*EXERCISE GOAL:*
Retype the listing exactly, minus its pictures.

*DATA SECTION:*

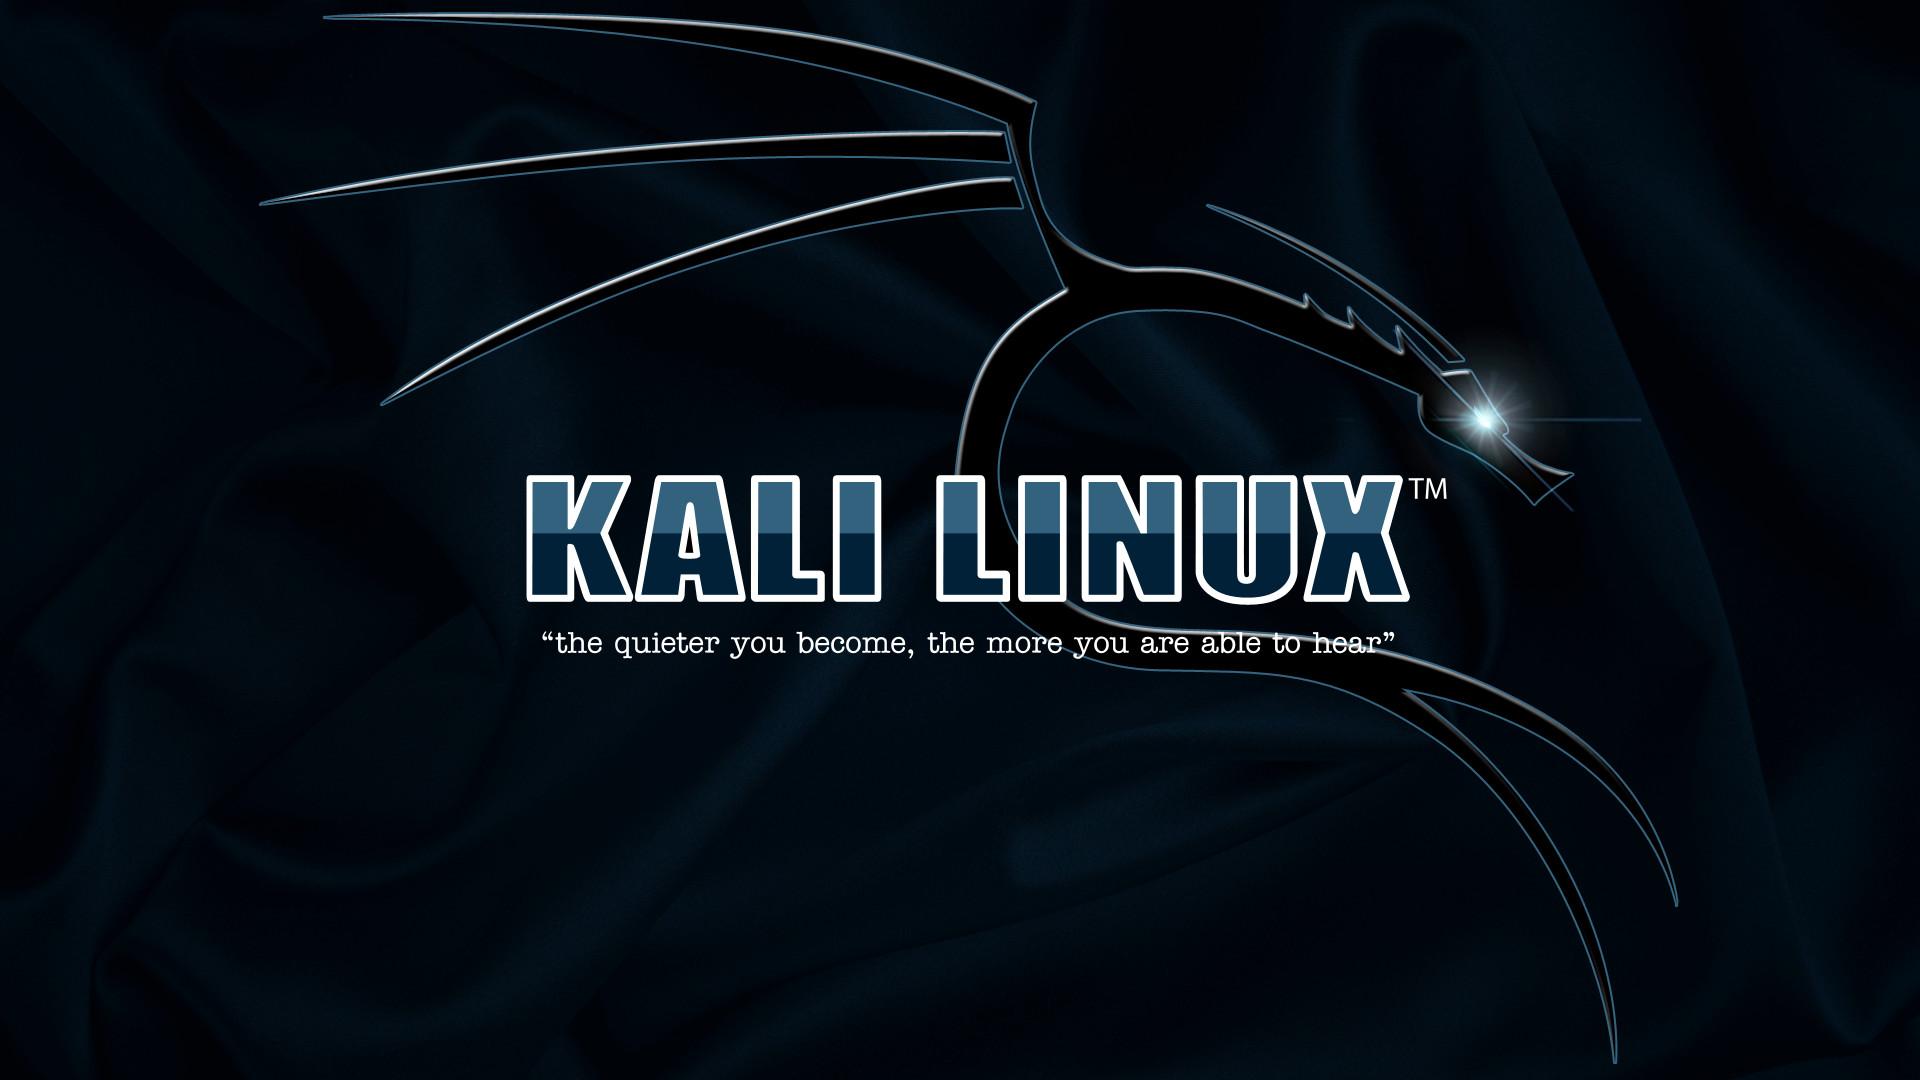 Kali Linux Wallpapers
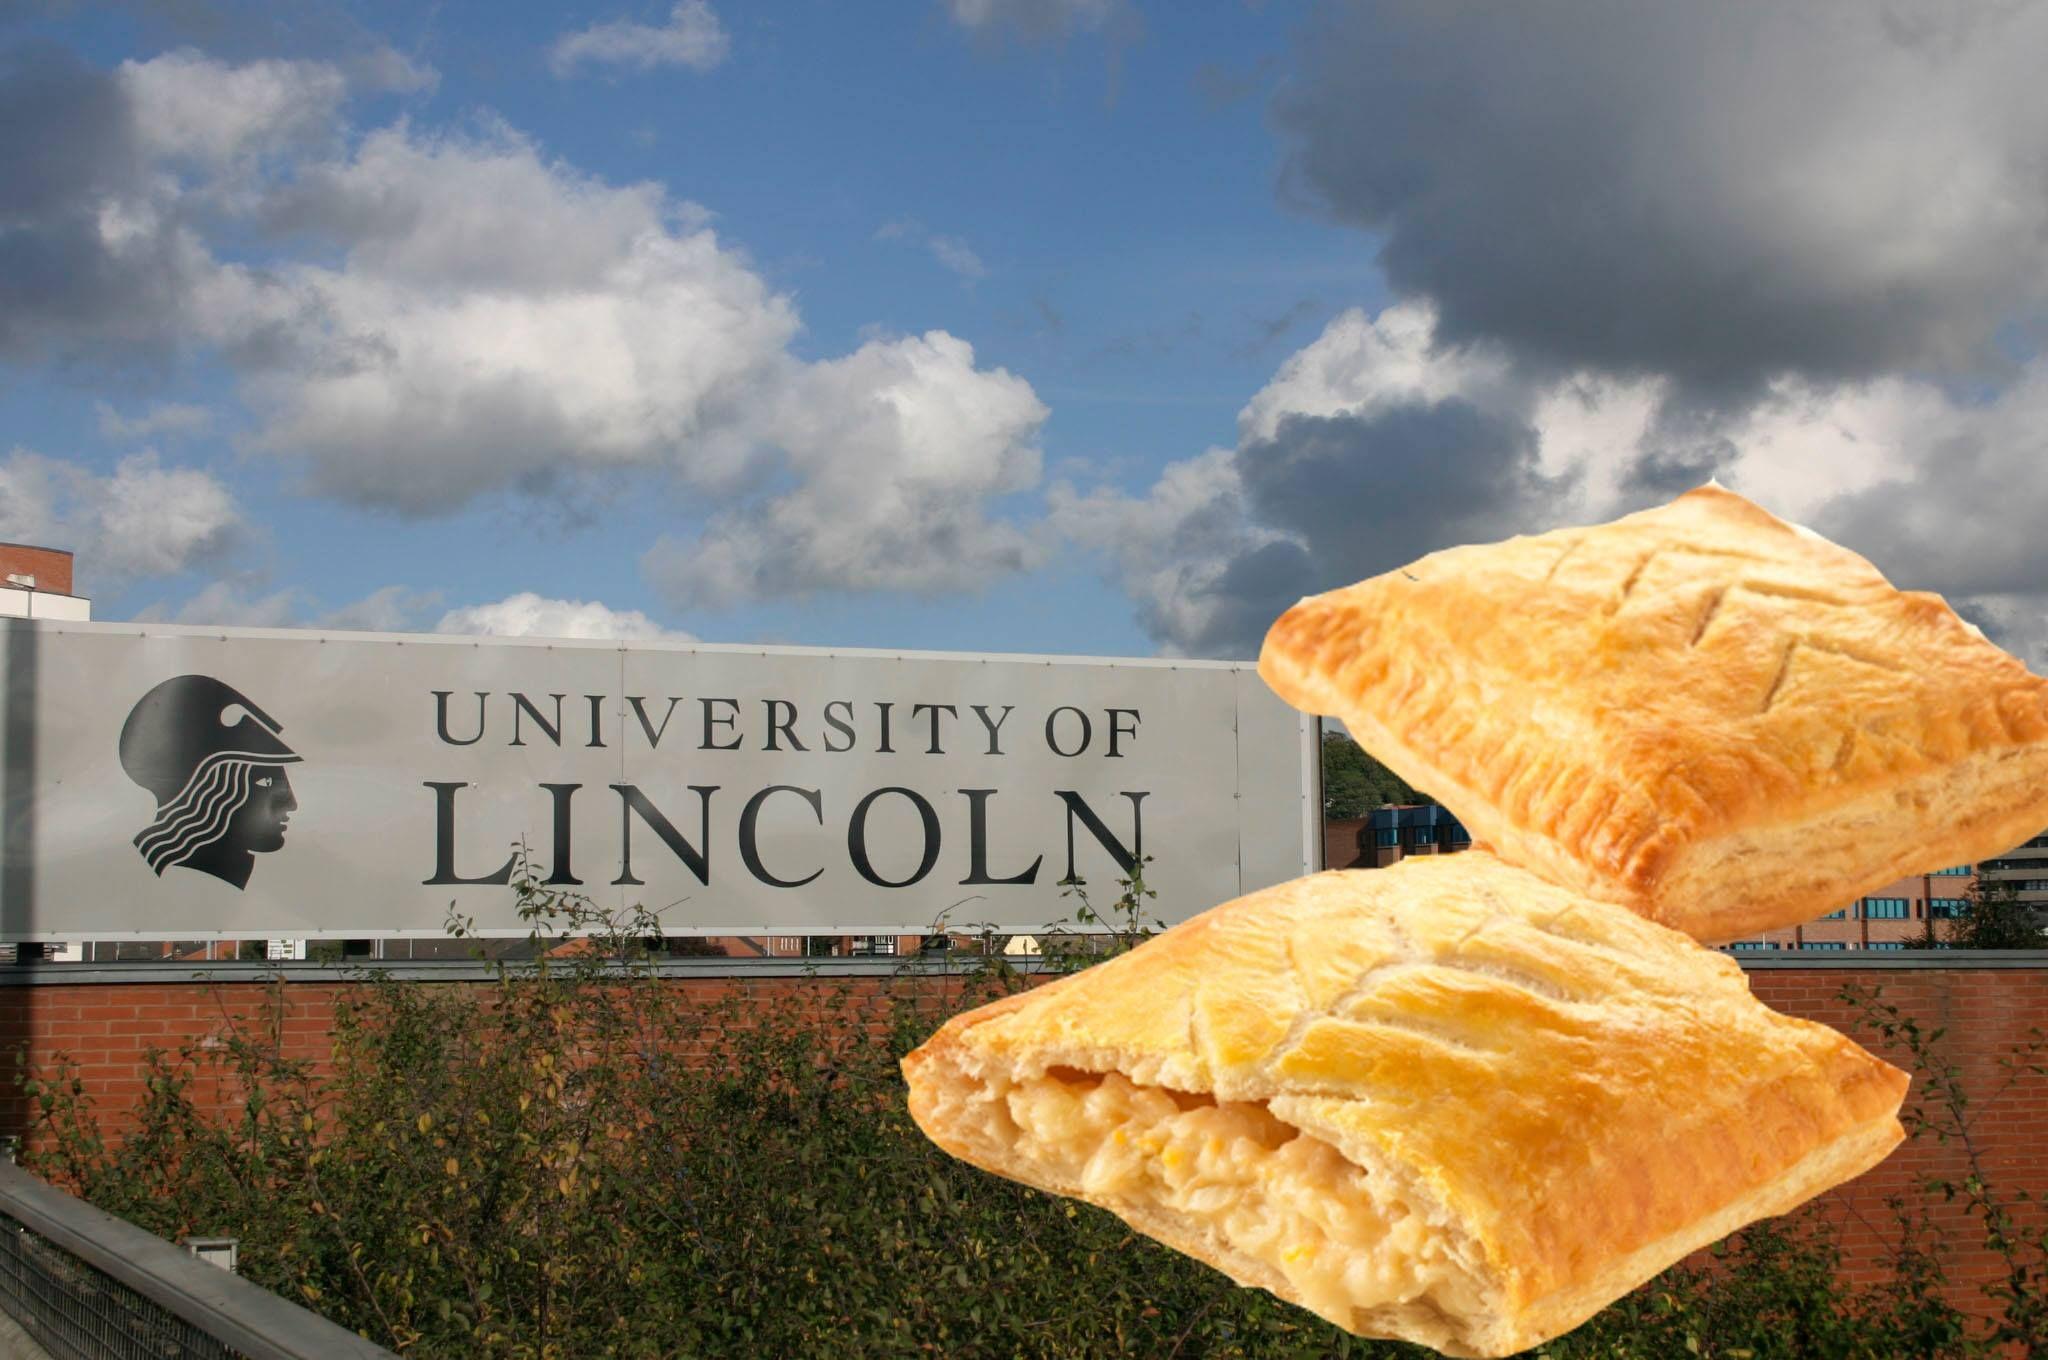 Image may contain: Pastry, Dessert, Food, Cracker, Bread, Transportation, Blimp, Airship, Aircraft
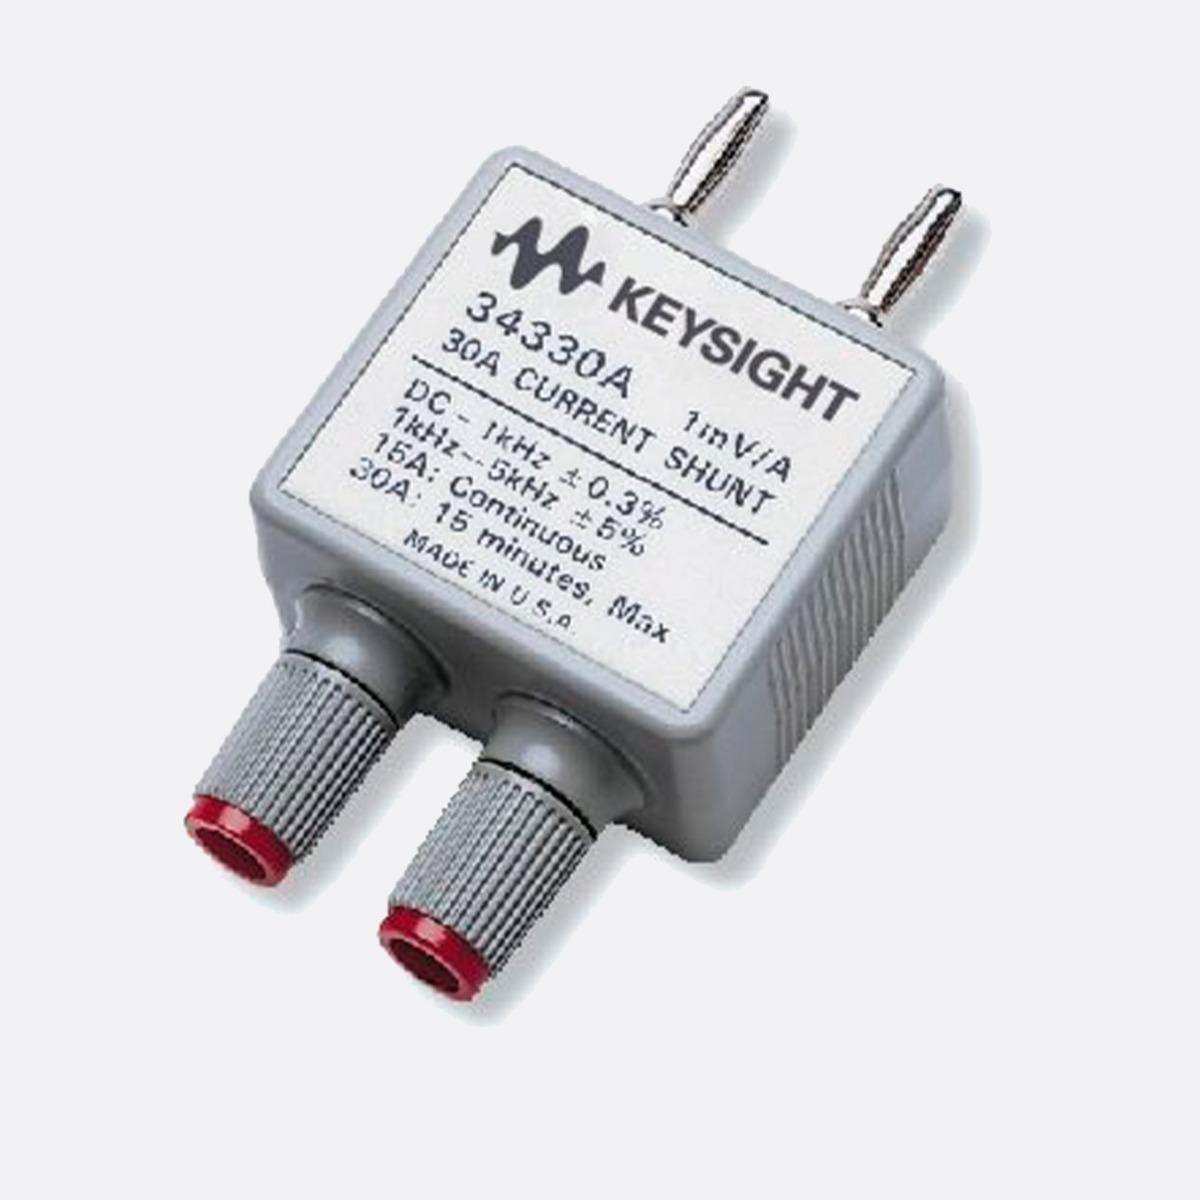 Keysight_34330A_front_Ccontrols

*SOLUTION TO THIS EXERCISE:*
 Kali Linux Wallpapers
 Image may contain: Pastry, Dessert, Food, Cracker, Bread, Transportation, Blimp, Airship, Aircraft
 Keysight_34330A_front_Ccontrols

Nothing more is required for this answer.